Prove that in a graph on $n$ vertices with min degree more than $n \over 2$, there are cycles of every length between 3 and $n$ included.

I know that from Dirac's theorem, $G$ has a Hamiltonian cycle, i.e a cycle of length $n$. I'm trying to show that the cycle has enough chords so that there are cycles of every length, but I'm having trouble doing that exactly.

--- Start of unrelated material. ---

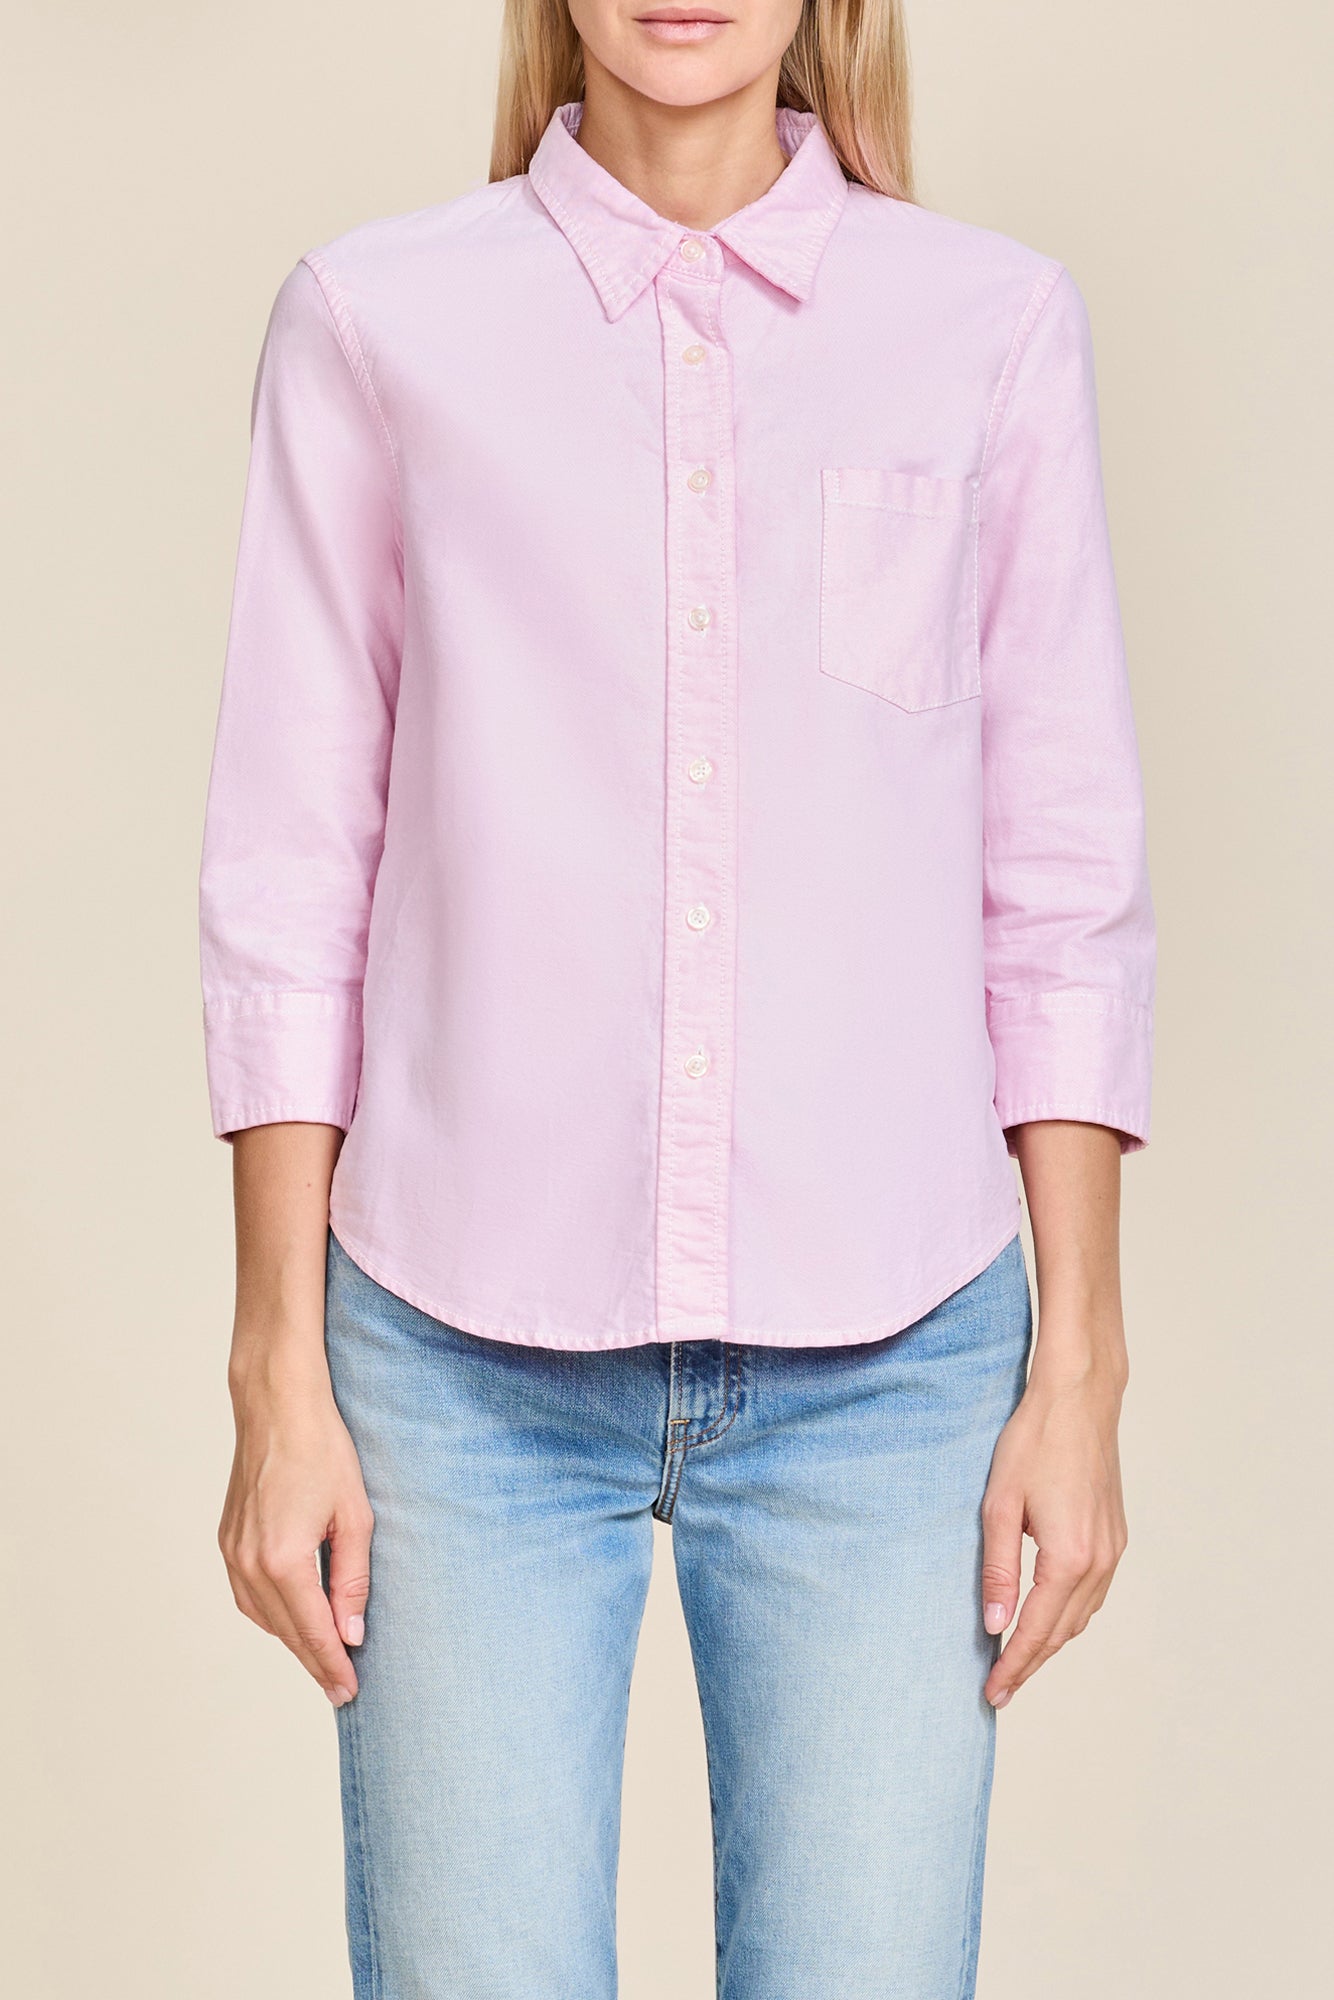 Adrienne Shrunken Shirt - Pink

  • $\begingroup$ Until now I can prove the existence of all cycles up to length $\frac{n+4}2$. $\endgroup$ Feb 20 '15 at 18:09
  • $\begingroup$ Are you using the general idea of taking the Hamiltonian cycle and using its chords, or something different? $\endgroup$ Feb 20 '15 at 18:12
  • $\begingroup$ Using chords in a Hamiltonian cycle, indeed. $\endgroup$ Feb 20 '15 at 18:16

Let $v$ be a vertex of $G$. Let $H=G-v$. Then $\delta(H)\geq\frac{n-1}2$ and since $H$ has only $n-1$ elements, $H$ is Hamiltonian, which means that $G$ has an $n-1$-cycle $C$.

Now $v$ has more than $\frac n2$ neighbours, all on $C$, so at least two of them are adjacent, which gives us a triangle and a Hamiltonian cycle.

Let $v_1,\ldots,v_{n-1}$ be the vertices of $C$ and assume there is no cycle of length $t$ for some $3<t<n-1$.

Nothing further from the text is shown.